An injectable gel could change the ability of contractile heart muscle cells to regenerate after myocardial infarction (MI), according to researchers at the University of Pennsylvania.
Edward Morrisey, MD, lead author of the study and the namesake of Penn’s Morrisey lab, which studies signaling pathways involved in heart and lung development, worked with a team to produce and test this innovative gel in an effort to improve the lifespan of heart patients.

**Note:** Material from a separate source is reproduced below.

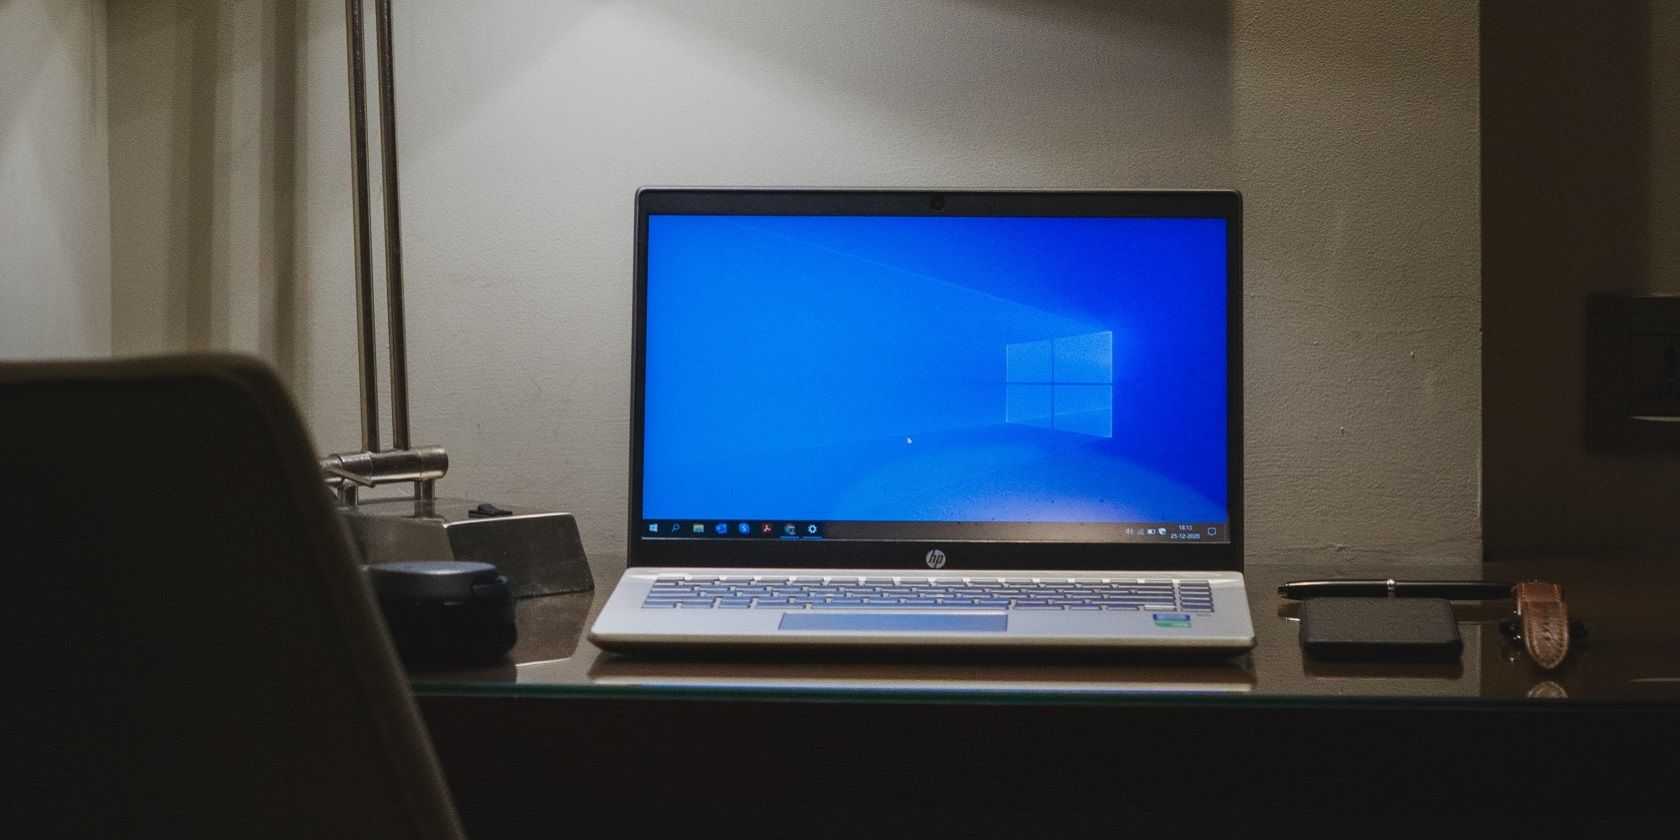 Windows 10 PC with a clean desktop

Since, after a heart attack, mammals’ hearts are unable to properly regenerate cardiomyocytes, cardiac patients are left with a heart that pumps less blood that it should, increasing mortality rates.
The researchers tested the new substance in three groups of mice: normal, healthy mice; “Confetti” mice who are genetically engineered to have individual cardiomyocytes that randomly express one of four fluorescent proteins; and mice who had induced heart attacks.
Within days of injection, the first group of mice saw increased cardiomyocyte production in their heart tissue. After inducing MI in the Confetti mice, Morrisey and colleagues found cardiomyocytes were growing and clustering. The third cohort showed improved recovery rates, as well, with minor increases in heart size and significant differences in ejection fraction.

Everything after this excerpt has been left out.